C’est vrai, un travail remarquable a été fait et continue d’être réalisé en matière d’infrastructure en Côte d’Ivoire. Il faut le reconnaître. Mais c’est peut-être la face visible de l’iceberg. Car, depuis l’accession du président Alassane Ouattara à la tête de la magistrature suprême, il y a du bitume par ici et par là, des échangeurs ça et là, un nouveau pont à péage, des autoroutes à péage, des bâtiments rénovés… mais dire que le système de gestion de l’Etat à changer, c’est se foutre un doigt dans l’œil. Bien au contraire, la vie devient de plus en plus difficile avec les taxes douanières créées à l’emporte-pièce au port et à l’aéroport, l’augmentation du kilowattheure, l’arnaque du Ministre des Transports sur le permis de conduire, le chômage à grande échelle, le népotisme, le cumul des postes, la promotion de la médiocrité et la corruption qui monte en puissance à tous les niveaux de la société ivoirienne. Hélas, les mêmes causes produisent toujours les mêmes effets…

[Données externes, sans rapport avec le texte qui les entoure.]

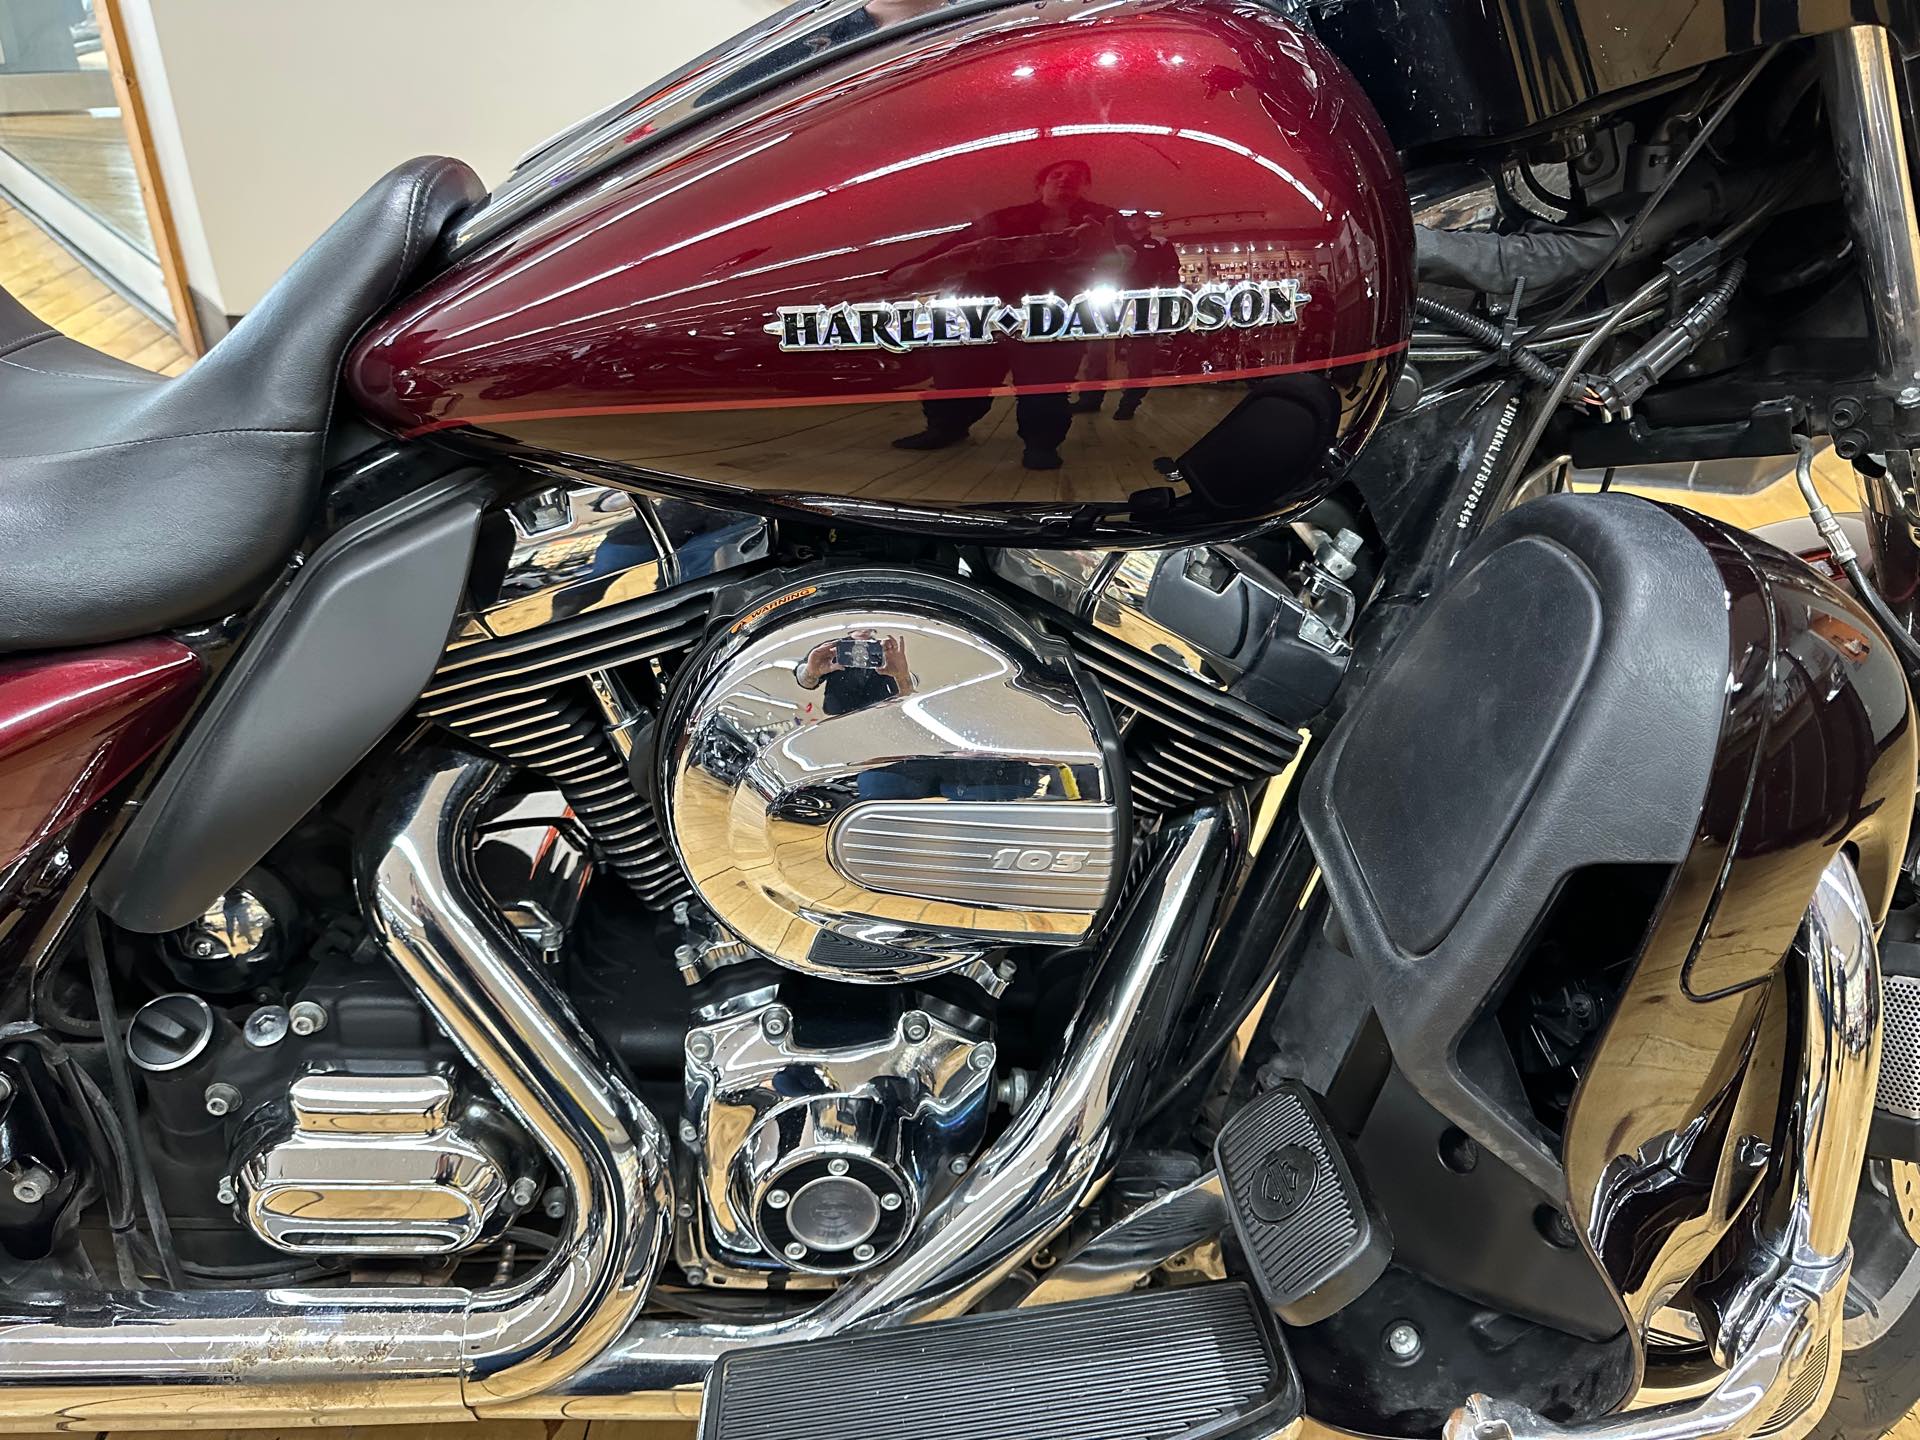 2015 Harley-Davidson Electra Glide Ultra Limited Low at Zips 45th Parallel Harley-Davidson

Comme le dit si bien, le commun des mortels, l’administration est une continuité parce que si les hommes passent, l’institution, elle, elle demeure. Ce qui est une vérité. Partant de là, faut-il croire que ce facteur de changement peut avoir un impact sur un système solidement implanté dans une administration fut-elle ivoirienne? Avant le deuxième quinquennat du président Ouattara je répondrai par le « oui ». Non pas parce que je suis un militant de son parti, le RDR, juste parce qu’on s’attendait à l’homme de l’époque Houphouët-Boigny. Celui-là même qui s’était montré rigoureux, intransigeant sur certains détails face à des hommes qu’il fallait mettre au pas pour aider le pays à se tirer de la récession économique des années 90. C’était l’homme de la situation à qui le père fondateur de la Côte d’Ivoire avait fait appel pour l’aider à mettre fin à la gabegie, aux gaspillages des ressources de l’Etat et aux malversations. Bref, il a été donc le 1er Premier ministre du président Félix Houphouët-Boigny qui a fait ses preuves.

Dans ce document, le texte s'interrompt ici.